DATA FOR ANALYSIS Block Start

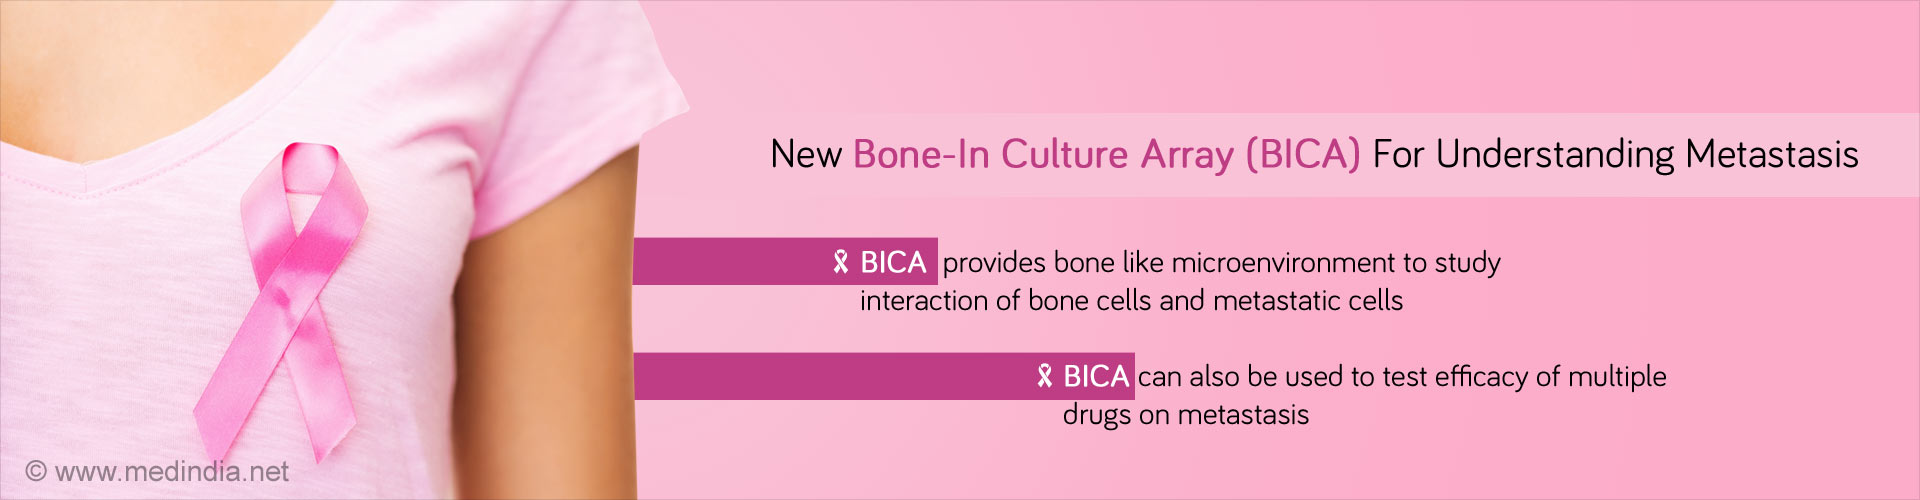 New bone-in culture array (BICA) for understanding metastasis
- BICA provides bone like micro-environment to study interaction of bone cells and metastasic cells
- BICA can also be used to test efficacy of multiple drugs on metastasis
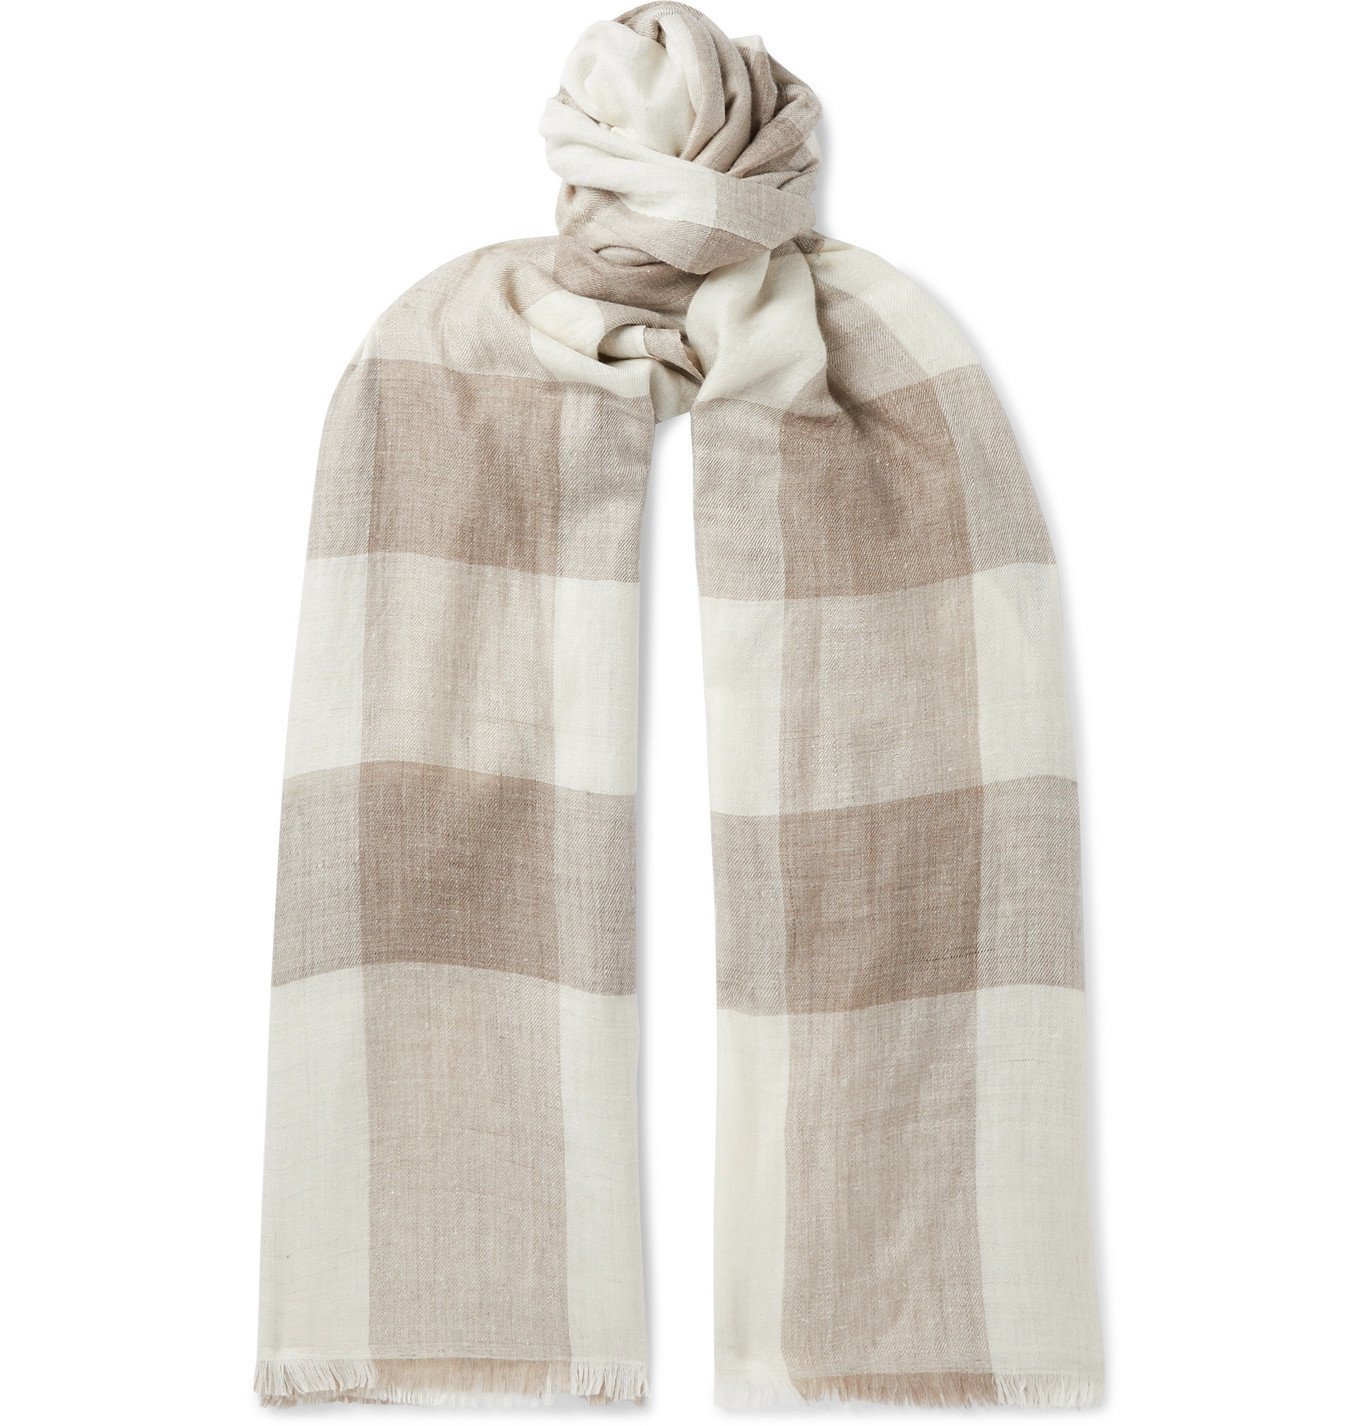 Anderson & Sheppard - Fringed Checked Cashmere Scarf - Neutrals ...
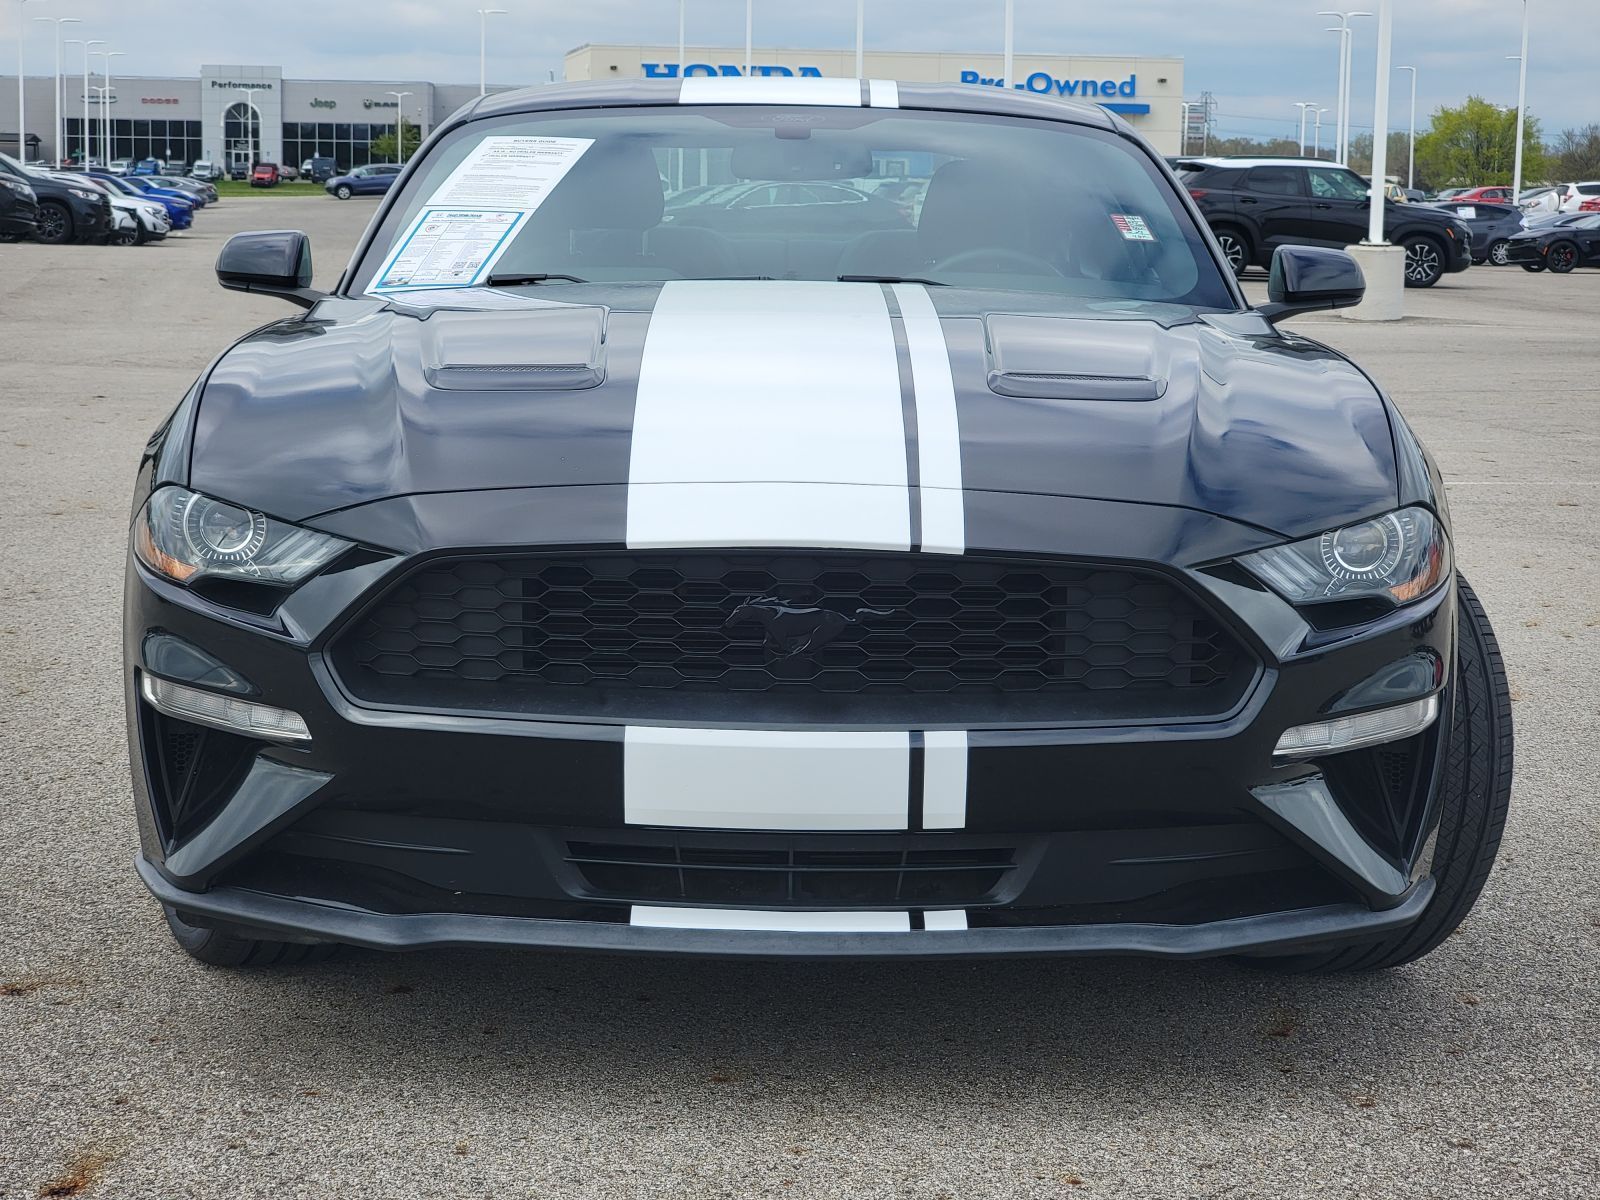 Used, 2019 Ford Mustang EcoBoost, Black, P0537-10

DATA FOR ANALYSIS Block End

Set down the lines of the records above exactly, apart from the pictures.

 New bone-in culture array (BICA) for understanding metastasis
- BICA provides bone like micro-environment to study interaction of bone cells and metastasic cells
- BICA can also be used to test efficacy of multiple drugs on metastasis
 Anderson & Sheppard - Fringed Checked Cashmere Scarf - Neutrals ...
 Used, 2019 Ford Mustang EcoBoost, Black, P0537-10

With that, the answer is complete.